O que é verdade, em primeiro lugar sobre Cristo, também é verdade, de modo
subordinado acerca da Virgem: “Deus omnia nos voluit habere per Mariam... Deus
quis-nos dar tudo por Maria!”.
O cristianismo, nos seus séculos de história, nada mais fará do que reviver a fé
de Maria, haurindo-a no Seu coração de Mãe, no mistério da Sua sublime missão
materna, que Lhe foi confiada pelo Salvador ao morrer na cruz (cf. Jo 19, 26-27), de
tal modo que, todos aqueles que, pela fé, são filhos de Deus, são também
pessoalmente filhos de Maria.
Oratio
Vem, Senhor Jesus! Vem, para que a Terra deixe de ser um caos, devido à
violência das guerras, das injustiças e da corrupção, em todas as suas formas.
Vem, Senhor Jesus! Vem, para que a Terra se torne um lugar habitável e
habitado.
Vem, Senhor Jesus! Vem, revela-nos, mais uma vez, e leva a termo o projecto
manifestado no mistério da tua Incarnação.
Vem, Senhor Jesus! Vem, dá vista aos cegos, cura os coxos, sara os leprosos,
dá ouvido aos surdos, ressuscita os mortos, anuncia aos pobres a Boa Nova.
Vem, Senhor Jesus! Vem, para que não esperemos outro, mas Te acolhamos na
fé!
Vem, Senhor Jesus! Vem, e introduz-nos a todos no mistério de Deus-Amor.
Vem, Senhor Jesus! Vem, para que todos Te reconheçam como Filho do Pai e
nosso Salvador.
Vem, Senhor Jesus! Vem, para que todo o joelho se dobre diante de Ti, e toda
a língua Te proclame «Senhor». Amen.
Contemplatio
Depois da partida dos enviados de João, Nosso Senhor falou aos discípulos
sobre a mortificação do Precursor.
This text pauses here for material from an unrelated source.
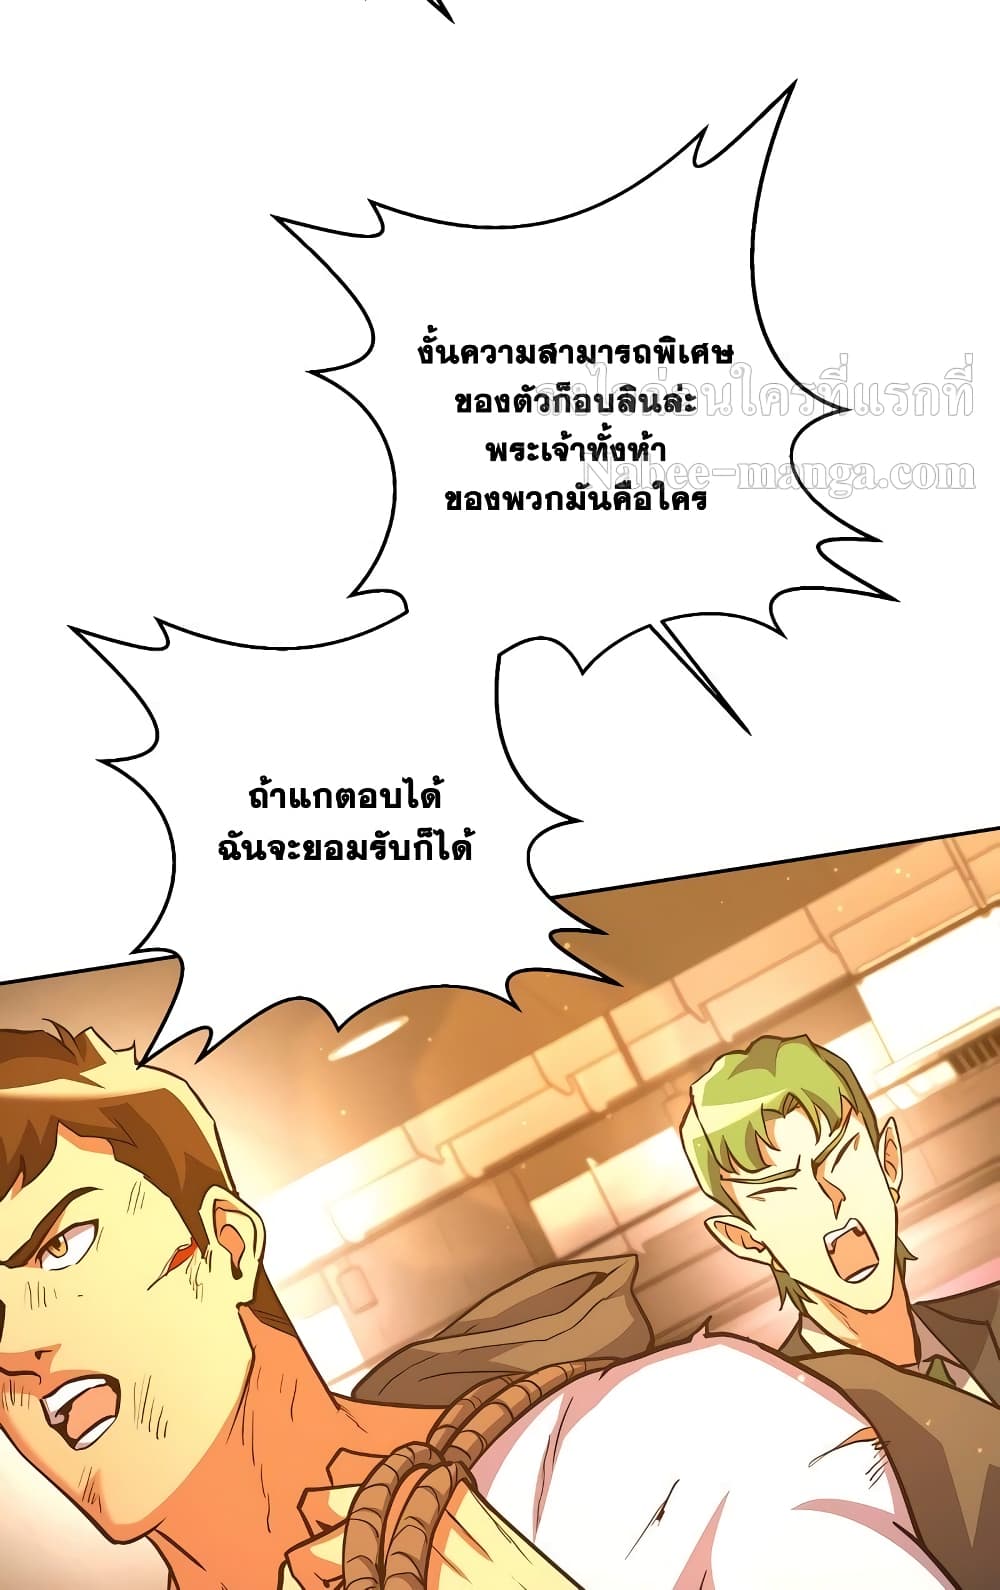 Surviving in an Action Manhwa 6-6

Chamou-lhes a atenção para a sua estadia no
deserto, para o seu desprezo pelo vestuário caro e pelas alegrias do mundo, para o
seu amor ao jejum e às austeridades: neque manducans panem, neque bibens vinum
(Lc 7, 7).
Nosso Senhor indica deste modo sucessivamente, e segundo as circunstâncias,
todas fontes da graça: a paciência, a fé, a docilidade ao Espírito, a mortificação. É
porque quer preparar-nos para uma grande união com Ele.
A Igreja agiu sabiamente ao pôr sob os nossos olhos todos estes ensinamentos,
para nos preparar para a grande festa do Natal. As graças, que havemos de receber,
serão proporcionais à nossa preparação. (Pe. Dehon, OSP 4, p. 558).
Actio
Repete frequentemente e vive hoje a palavra:
«Vinde a mim e sereis salvos» (Is 45, 22).